Thursday, November 13, 2014

ANTI-TERROR ACT UNDER SPOTLIGHT AGAIN


A trade union leader in Swaziland whose house was raided by 30 armed police officers has been charged with sedition after they allegedly found pamphlets from banned organisations.

The Swaziland Solidarity Network (SSN), which is also banned in Swaziland, where King Mswati III rules as sub-Saharan Africa’s last absolute monarch, and political parties are not allowed to contest elections, reported, that Sifiso Mabuza, the Deputy Secretary of Siteki Branch of the Swaziland National Association of Teachers (SNAT), appeared at Siteki Magistrates Court on Wednesday (12 November 2014) and was remanded back into custody until 24 November 2014.

The Swazi Observer newspaper, which is in effect owned by King Mswati, reported Mabuza was charged with contravening the Suppression of Terrorism Act (STA). 

The newspaper said Mabuza was charged with supporting the People’s United Democratic Movement (PUDEMO) and the Swaziland Youth Congress (SWAYOCO), which it described as ‘terrorists groups’. The charge said Mabuza was in possession of 87 pamphlets of SWAYOCO, and 71 pamphlets of PUDEMO.

PUDEMO is one of a number of organizations that are making a legal challenge to the STA to have it declared unconstitutional.
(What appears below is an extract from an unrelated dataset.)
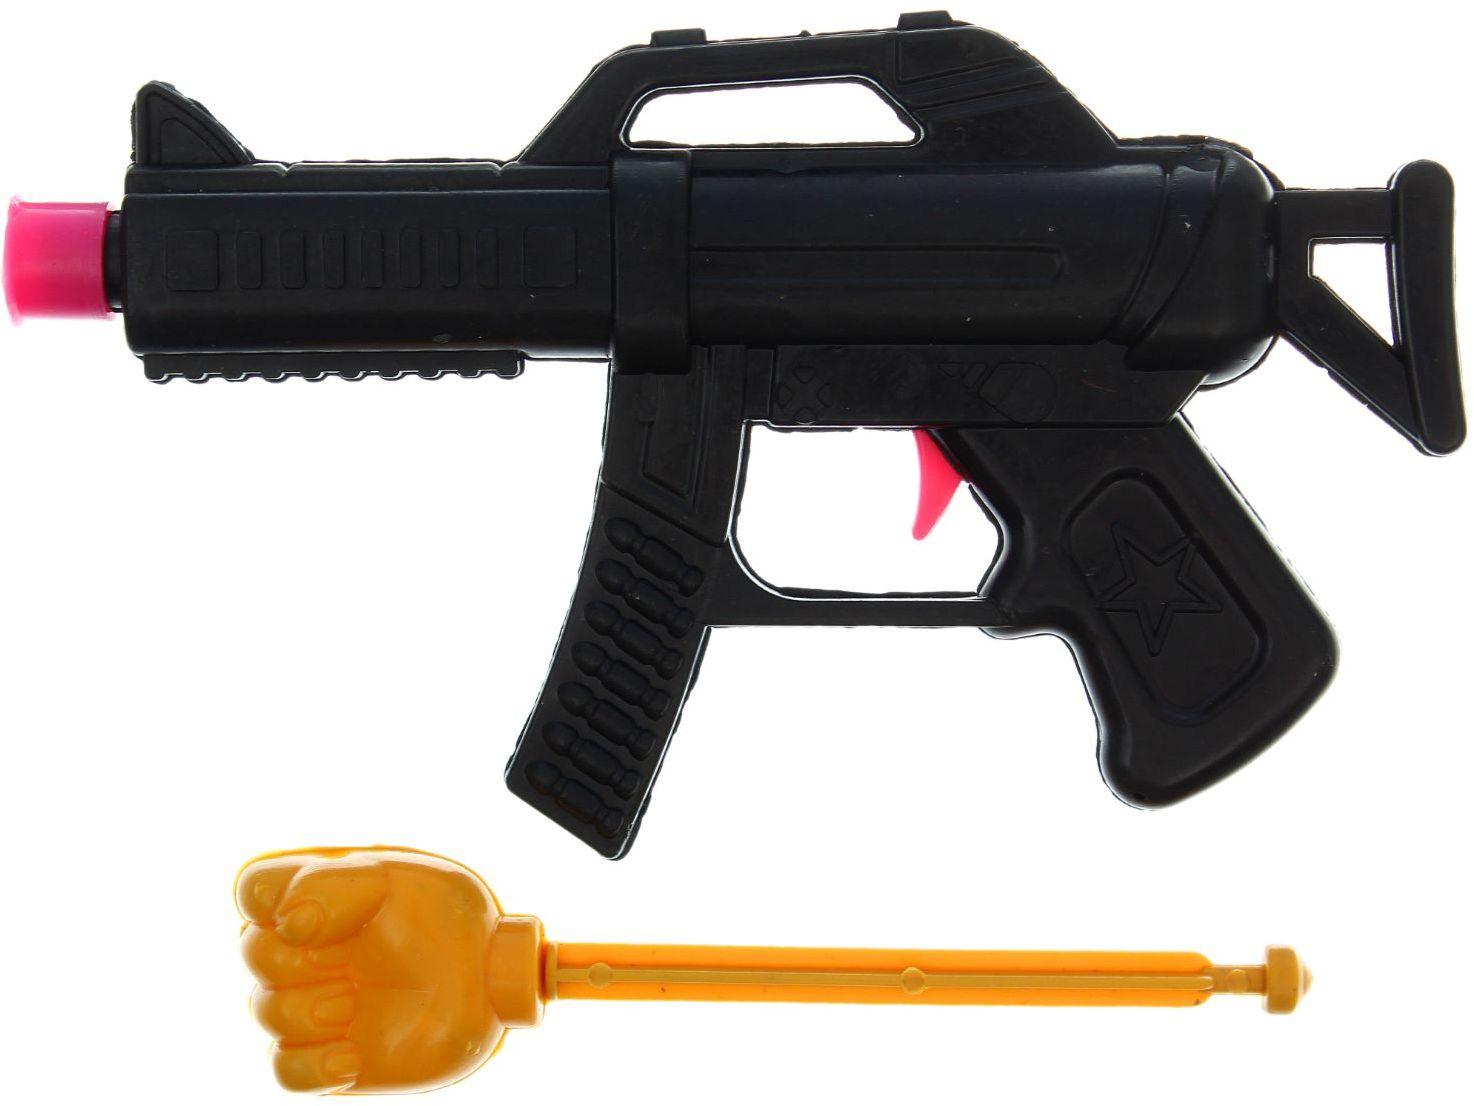 Sima-land Стрелялка Автомат 1640263

The case is expected to be heard in Swaziland High Court in December 2014.

In the past people have been charged under the STA for a number of alleged crimes, including carrying banners displaying the names of banned organisations, wearing berets or T-shirts with slogans written on them, and praising individuals who have stood up for democracy.

The STA was introduced in November 2008 following an attempted bombing of the Lozitha Bridge, near one of the King’s 13 palaces in September that year.  
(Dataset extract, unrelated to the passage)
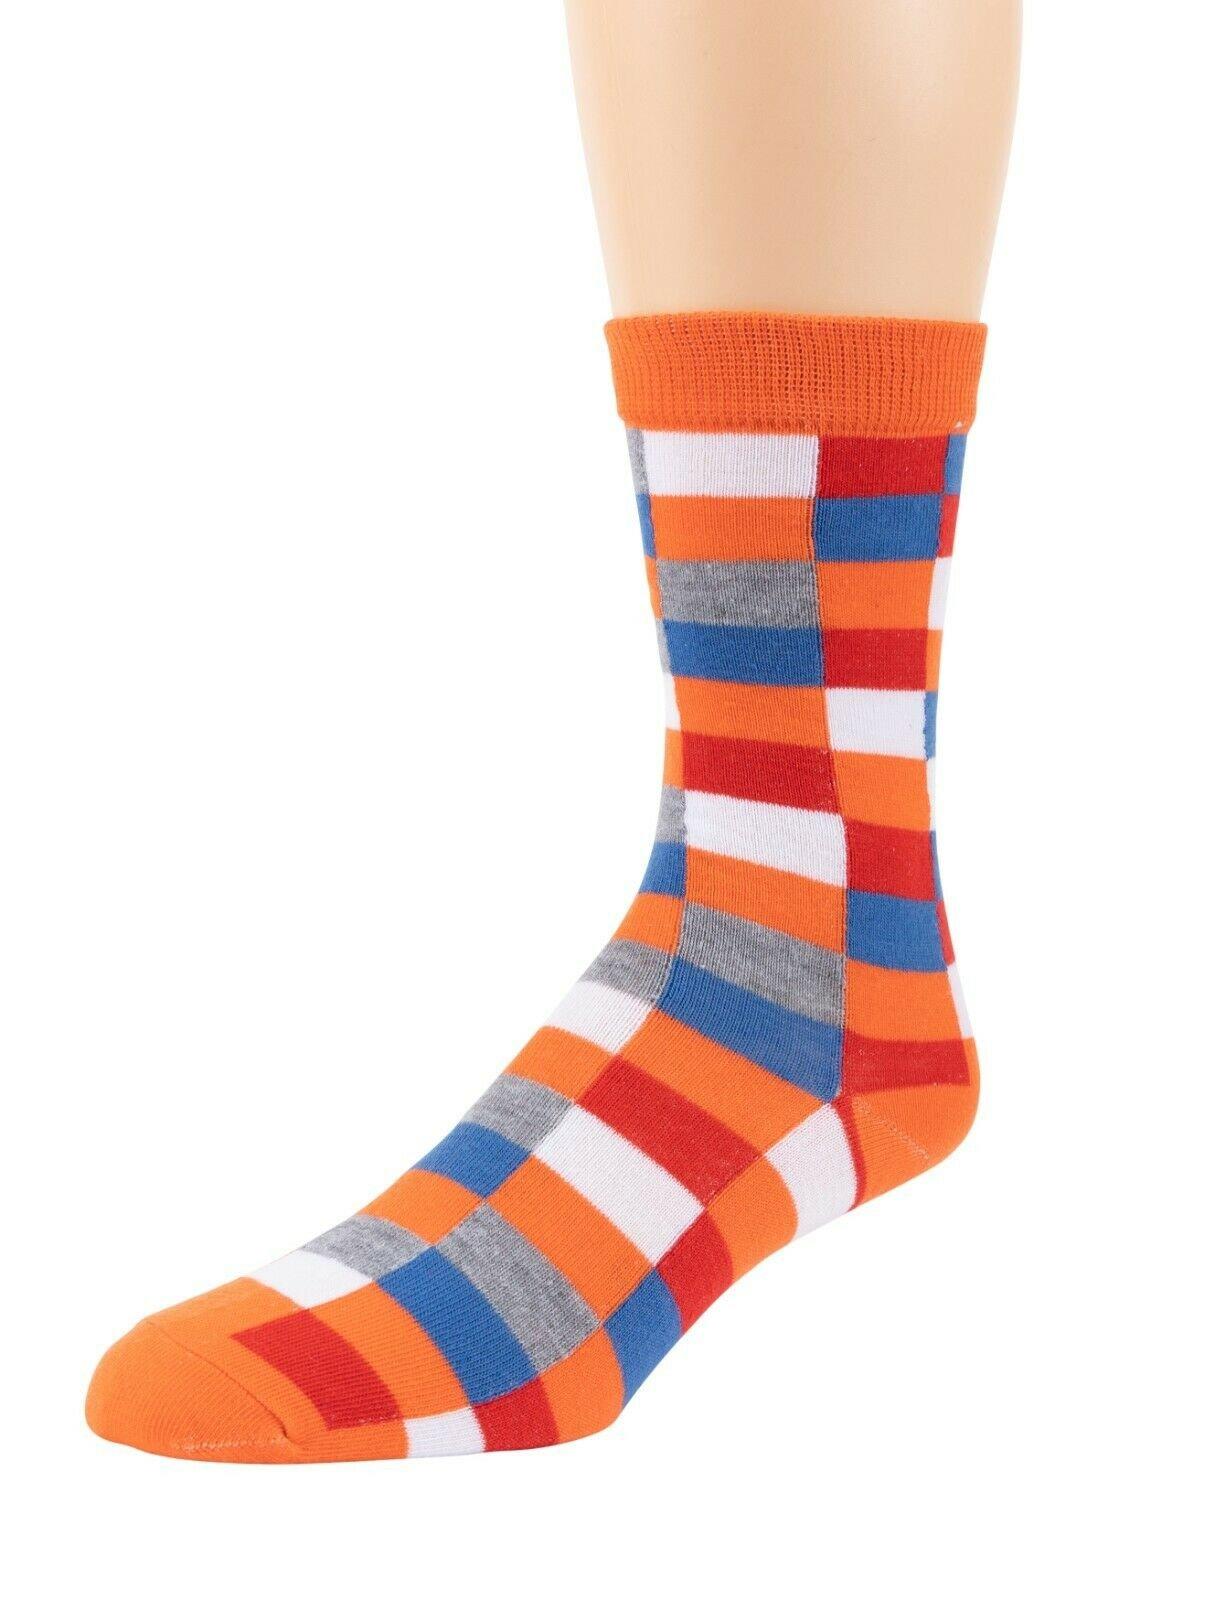 Mitch-Bogen-Mens-Cotton-Dress-Socks-Colorful-Fashion-Crew-Socks-8-Pack-Gift-Box thumbnail 23

Shortly after the STA came into force Amnesty International and the International Bar Association’s Human Rights Institute (IBA-HRI) called for its immediate repeal or amendment.
More recently in June 2014, the United States withdrew preferential trade rights from Swaziland because, among other things, it had not amended the STA.

In 2009, Amnesty and IBA-HRI said a number of provisions in this Act were ‘sweeping and imprecise’.

They said in a statement that the Swazi Government warned of heavy penalties for ‘associating’ with certain groups, which had been declared to be terrorist ‘entities’ under the law. They said this was ‘contributing to an atmosphere of uncertainty and of intimidation amongst a wide range of civil society organizations’.

The statement read, ‘Amnesty International and the IBA-HRI are gravely concerned that key provisions in this anti-terrorism law are inherently repressive, breach Swaziland’s obligations under international and regional human rights law and are already leading to the violation of the right to freedom of expression, association and assembly.’

The statement also said the offences under the STA were ‘defined with such over-breadth and imprecision that they place excessive restrictions on a wide range of human rights – such as freedom of thought, conscience and religion, freedom of opinion and expression, freedom of association and freedom of assembly – without adhering to the requirements of demonstrable proportionality and necessity.’